El Escudo de privacidad ahora enfrenta el mismo destino desafortunado que el programa Safe Harbor en 2015. Similar a la disputa que ocurrió después de la invalidación del programa Safe Harbor, es posible que veamos a los gobiernos de EE. UU. y la UE reunirse para reparar los defectos destacados por la decisión del TJUE. Pero, hasta que se resuelvan estos defectos, cualquier empresa que confíe en el Escudo de privacidad para transferir datos correctamente debe cambiar a otras medidas que se hayan considerado explícitamente como salvaguardas apropiadas, como las SCC, el consentimiento del usuario y las Normas corporativas vinculantes (BCR).

Dado que las autoridades reconocen que los SCC aún funcionan como base, esperamos que las autoridades permitan a las organizaciones un período de gracia para cumplir con las transferencias después de la sentencia. Se permitió un período de gracia de 6 meses después de la caída de Safe Harbor en 2015. Dado el impacto más amplio, sería razonable repetir esto ahora y potencialmente extender este período.

Próximos pasos para las organizaciones

Las empresas deben prepararse ahora para la era posterior al Escudo de privacidad y obtener reglas corporativas vinculantes (BCR) y cláusulas contractuales estándar (SCC) para su propia protección de datos.

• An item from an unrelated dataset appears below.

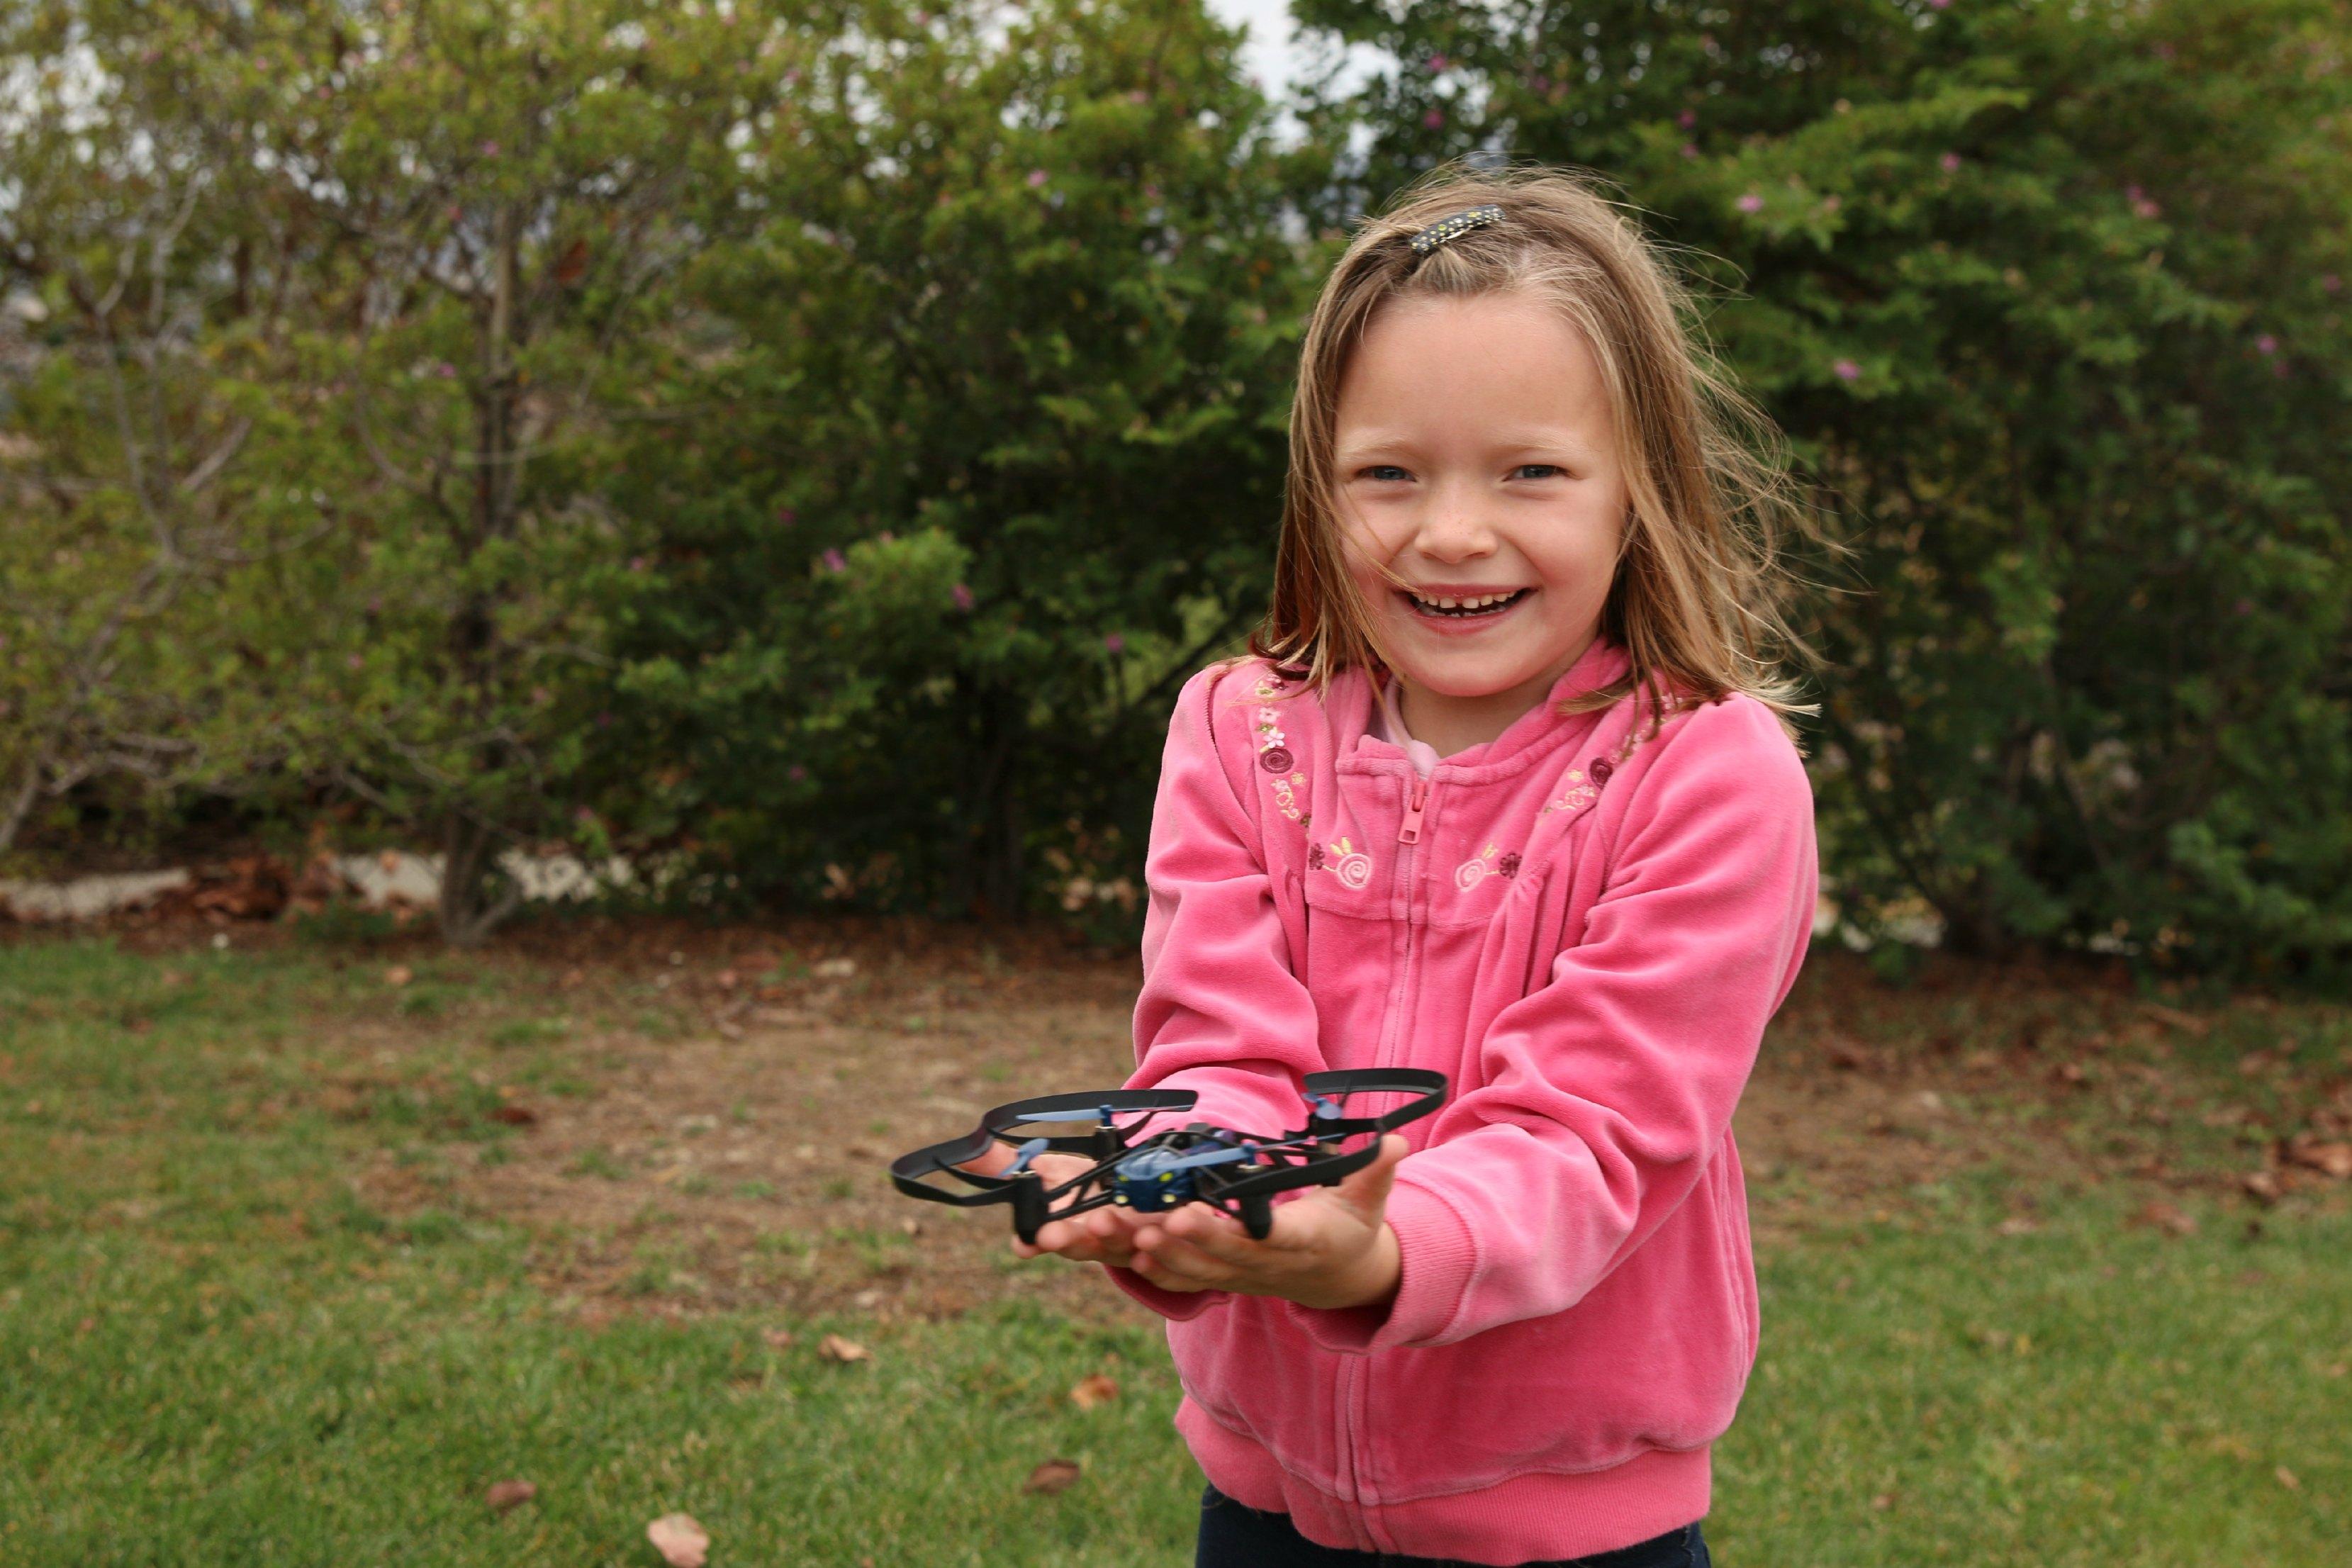 parrot drone review

1. Si bien los SCC siguen siendo válidos, las organizaciones que actualmente dependen de ellos deberán considerar si, teniendo en cuenta la naturaleza de los datos personales, los propósitos y el contexto del procesamiento y el país de destino, existe un "nivel adecuado de protección". para los datos personales según lo exige la legislación de la UE. Cuando ese no sea el caso, las organizaciones deben considerar qué salvaguardas adicionales pueden implementarse para garantizar que, de hecho, haya un "nivel adecuado de protección".
2. Las organizaciones que actualmente se basan en el marco del Escudo de la privacidad entre la UE y los EE. UU. deberán identificar con urgencia un mecanismo alternativo de transferencia de datos para continuar con las transferencias de datos personales a los EE. la transferencia es necesaria para ejecutar un contrato), y las SCC o las Normas Corporativas Vinculantes también deben considerarse como mecanismos alternativos.

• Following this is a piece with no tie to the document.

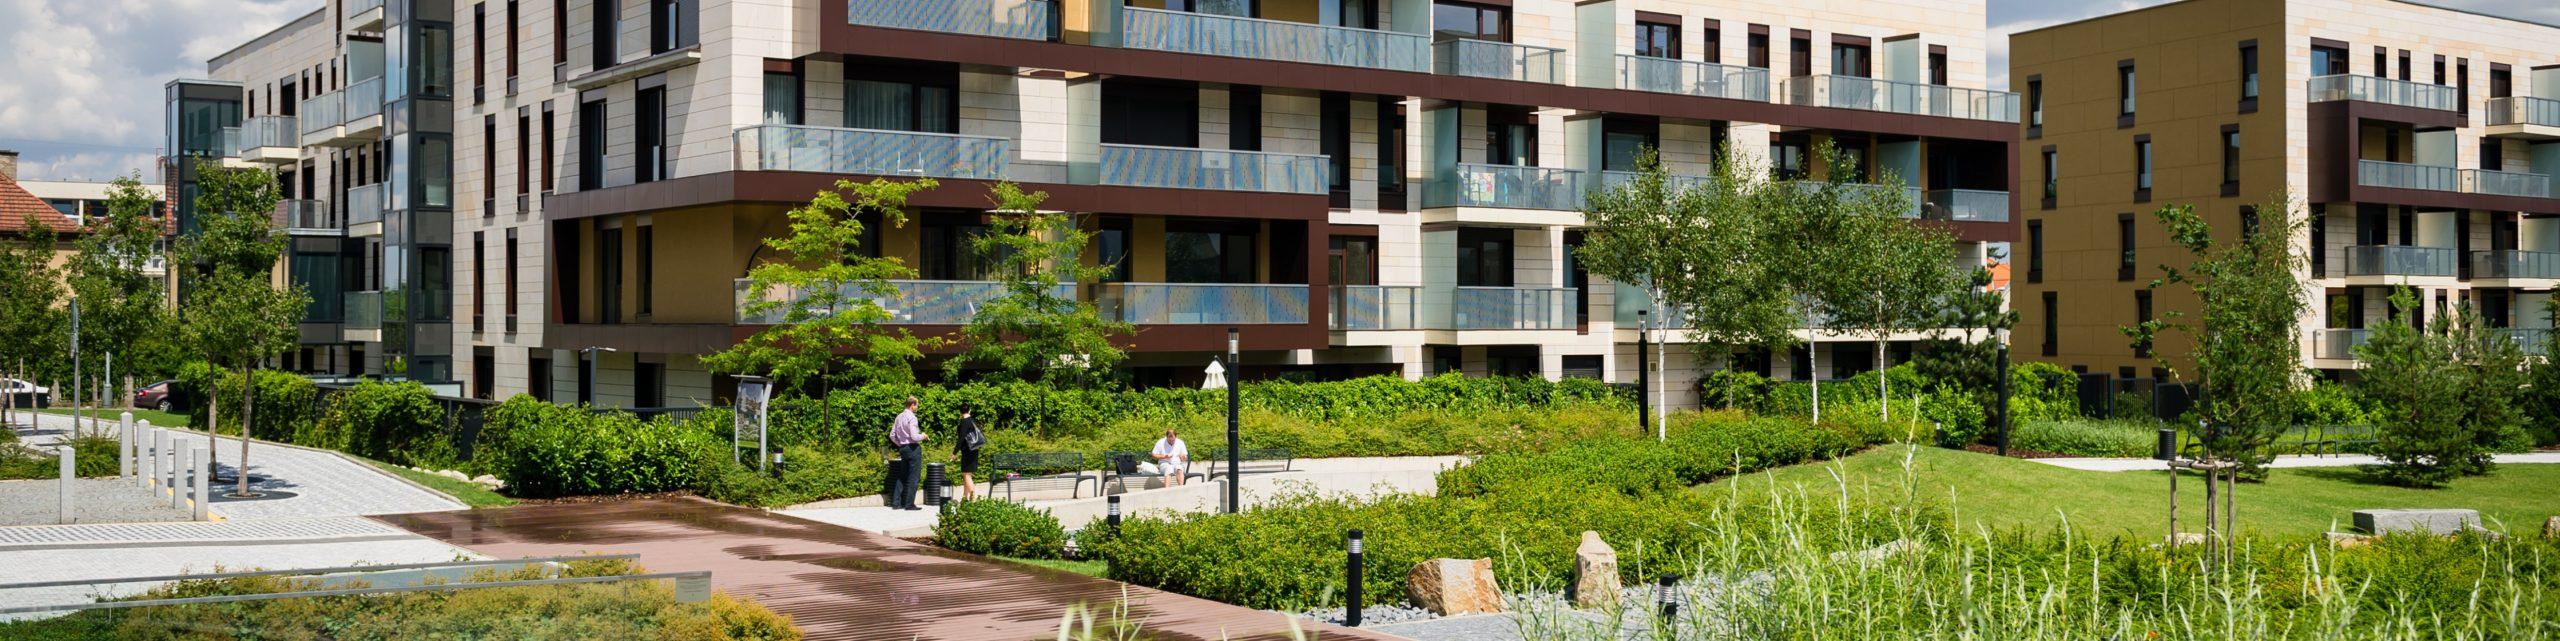 Designing density: multi-family design guidelines for social  - Apartment Design Guidelines

En definitiva, las empresas sujetas al RGPD deben considerar

(i) sus datos fluyen a los EE. UU.,

(ii) el mecanismo legal respectivo para tales transferencias a los EE. UU., y

(iii) si el Escudo de privacidad UE-EE. UU. es el mecanismo de transferencia actual, establecer un mecanismo de transferencia legítimo para tales actividades.

Lo que hará Convert

1. Esté atento a la orientación de las autoridades supervisoras, el Consejo Europeo de Protección de Datos y la Comisión Europea.
2. Evalúe qué datos se transfieren fuera de la UE y sobre qué base realizando un ejercicio de mapeo de datos. En este ejercicio buscamos:
   1. Transferencias de datos a organizaciones que participan en el Escudo de Privacidad,
   2. Transferencias de datos que se basan en cláusulas contractuales estándar: tenga en cuenta cualquier transferencia de datos a importadores de EE. UU. que se basen en SCC en particular,
   3. Transferencias de datos que se basan en normas corporativas vinculantes y que implican transferencias de datos a EE. UU.
3. Informe a los usuarios activos y de prueba mediante mensajes en la aplicación sobre las próximas acciones. En resumen, para nuestros clientes cuyas transferencias de datos de la UE ya estaban cubiertas por SCC, no es necesario hacer nada. Para aquellos que anteriormente estaban cubiertos por Privacy Shield, la adopción de las cláusulas contractuales estándar (SCC) de la UE es un camino necesario a seguir. Si es un cliente de Convert que busca incorporar SCC, su Héroe del éxito del cliente de Convert se pondrá en contacto con usted para comenzar el proceso de incorporación de las Cláusulas contractuales estándar en nuestro(s) acuerdo(s) actual(es) con usted.
4. Firmar Acuerdos de Procesamiento de Datos (DPA) actualizados y/o Cláusulas Contractuales Estándar (SCC) con todos los subprocesadores.
5. Póngase en contacto con Privacy Shield para recibir actualizaciones sobre la decisión de Schrems II.
6. Actualice nuestro Aviso de privacidad para incluir un enlace a las SCC prefirmadas.
7. Actualice la página de DPA para reflejar el estado actual.
8. Esté atento a otros mecanismos de transferencia de datos.